同年11月29日総本山鈴法寺住職代務者の役僧海我と、同一月寺住職代務者の出役謙讓で、両本山廃宗承認捺印。
同年12月31日迄総本山鈴法寺の残務整理。
明治五年(1872)正月(推定)、澤水寺・安楽寺・乙黒の明暗寺・瀧源寺等末寺兼務看主の残務整理。
その後、旧尾張藩(愛知県)の先祖代々の地に帰国か。


澤水寺残務整理

本尊普化禅師像・尊像観音菩薩像及び、尊像釈迦牟尼仏像の三体は、柳澤辻観音堂内に移転。

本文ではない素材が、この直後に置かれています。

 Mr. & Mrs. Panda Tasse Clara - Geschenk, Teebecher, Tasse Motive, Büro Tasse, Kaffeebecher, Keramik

その他、澤水寺の書類一式と当時の什器、宝物の水晶玉(直系二寸三分)等は全て、佐々木儀三郎翁の父親に引き継いだと言う。

澤水寺住職、海我和尚より引継者は佐々木興四郎氏。

澤水寺の書類一式の中には、本則や留場証文等多数の書類もあったという。同書類一式は立正大学文学部(旧教授の立花氏)が、自宅に保存していた。

しかしながら小川春夫氏が、大学に立花氏の連絡先を問い合わせたが一切不詳だとのこと。


澤水寺住職墓地

650番4号旧山林65.35坪内5坪余…4号の一画で最南端。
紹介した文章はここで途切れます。